On Tue, 16 Aug 2016 10:46:13 +0900 Michel Dänzer michel@daenzer.net wrote:
On 16/08/16 10:32 AM, Mario Kleiner wrote:
Cc'ing Daniel Stone and Pekka Paalanen, because this relates to wayland.
Wrt. having a new pageflip parameter struct, i wonder if it wouldn't make sense to then already prepare some space in it for specifying an absolute target time, e.g., in u64 microseconds?

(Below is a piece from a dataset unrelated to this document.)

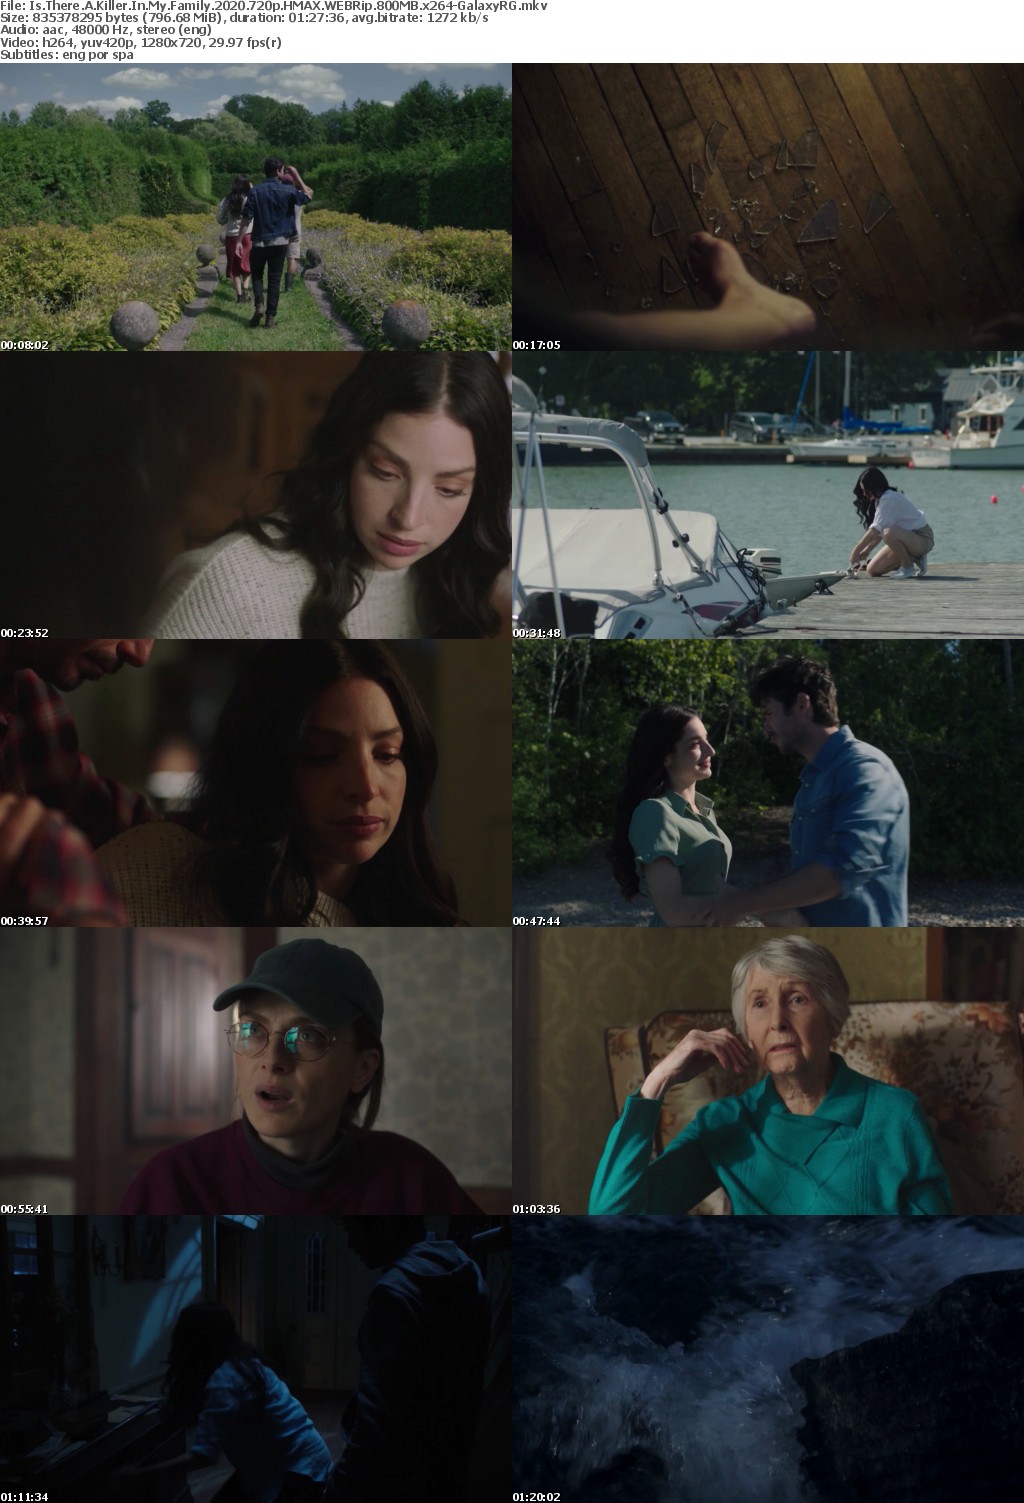 Is There A Killer In My Family 2020 720p HMAX WEBRip 800MB x264-GalaxyRG
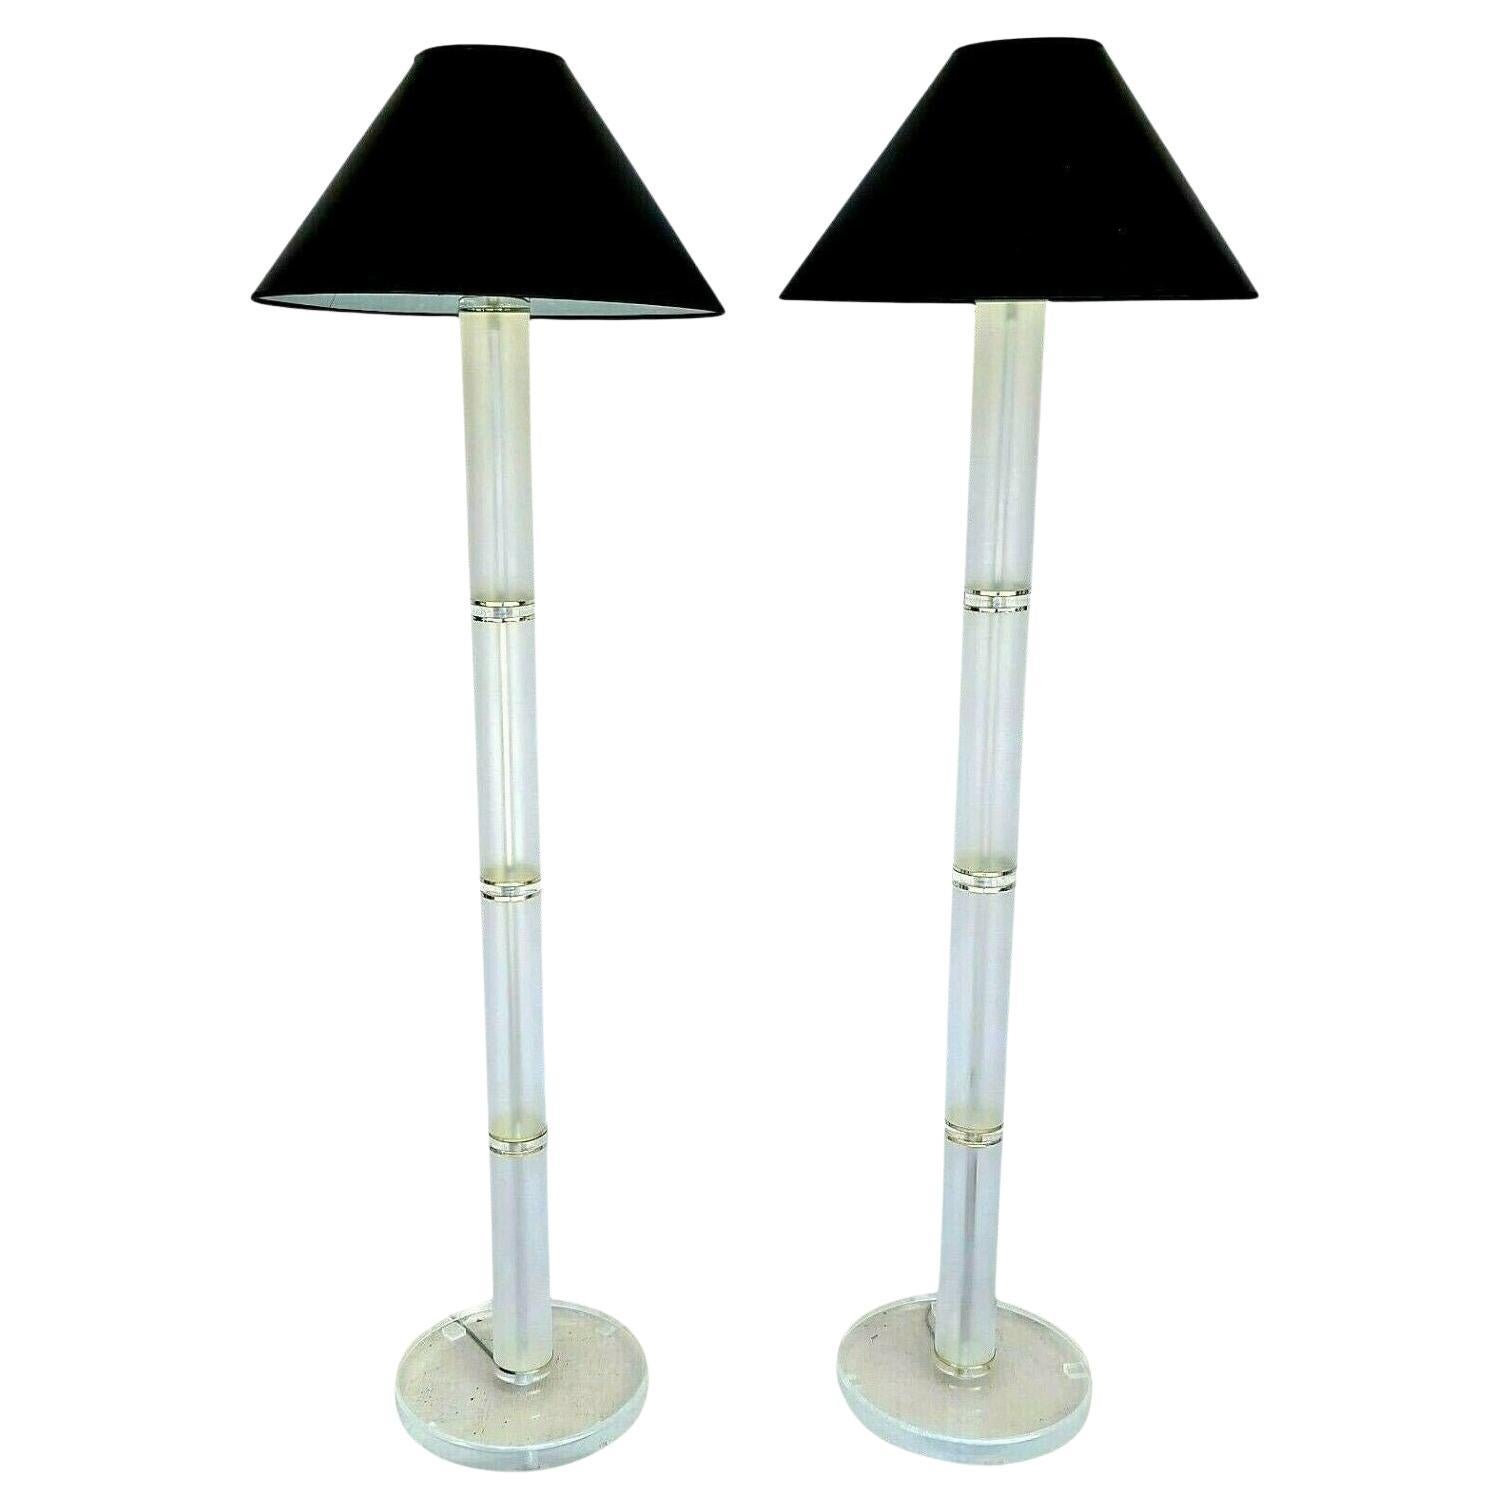 1970s Mid-Century Modern Optique Style Lucite & Brass Floor Lamps, a Pair For Sale

Or make this part of the atomic pageflip framework?
I feel like this is too much hassle for the DRM_IOCTL_MODE_PAGE_FLIP ioctl, probably makes sense to only deal with this in the atomic API.
In Wayland we now have the presentation_feedback extension (maybe it got a new name?), which is great to get feedback when and how presentation was completed, essentially the equivalent of X11's GLX_INTEL_swap_events
- some useful extra info / the feedback half of OML_sync_control.
That was supposed to be complemented by a presentation_queue extension which would provide the other half of OML_sync_control, the part where an app can tell the compositor when and how to present surface updates. I remember that a year ago inclusion of that extension was blocked on some other more urgent important blocker bugs? Did this make progress?
Hi,
sorry, I'm pretty poor at following dri-devel@.
Yeah, the Wayland extension for queueing frames to be presented at specific times has not been going anywhere for a long time. IIRC the blockers have since been resolved, now it would need dusting off and seeing how it interacts with those protocol additions. I wasn't too happy with the design at the time, either, because of the question of which state to queue and which not.
Nowadays presentation_feedback lives in https://cgit.freedesktop.org/wayland/wayland-protocols/tree/stable/presentat... and has been declared stable.
For timing sensitive applications such an extension is even more important in a wayland world than under X11. On X11 most desktops allow unredirecting fullscreen windows, so an app can drive the flip timing rather direct. At least on Weston as i remember it from my last tests a year ago, that wasn't possible, and an app that doesn't want to present at each video refresh, but at specific target times had to guess what the specific compositors scheduling strategy might be and then "play games" wrt. to timing surface commit's to trick the compositor into sort of doing the right thing - very fragile.
Anyway, the idea of presentation_queue was to specify the requested time of presentation as actual time, not as a target vblank count. This because applications that care about precise presentation timing, like my kind of neuroscience/medical visual stimulation software, or also video players, or e.g., at least the VDPAU video presentation api "think" in absolute time, not in refresh cycles. Also a target vblank count for presentation is less meaningful than a target time for things like variable framerate displays/adaptive sync, or displays which don't have a classic refresh cycle at all. It might also be useful if one thinks about something like VR compositors, where precise timing control could help for some of the tricks ("time warping" iirc?) they use to hide/cope with latency from head tracking -> display.
It would be nice if the kernel could help compositors which would implement presentation_queue or similar to be robust/precise in face of future stuff like Freesync, or of added delays due to Optimus/Prime hybrid-graphics setups. If we wanted to synchronize presentation of multiple displays in a Freesync type display setup, absolute target times could also be helpful.
I agree with all of this though.
I'm very happy to hear the idea has support!
Thanks, pq
I'd like to add that the X11 Present extension specification already includes support for specifying a target time instead of a target refresh cycle. This isn't implemented yet though, but it should be relatively straightforward to implement using the kind of kernel API you describe.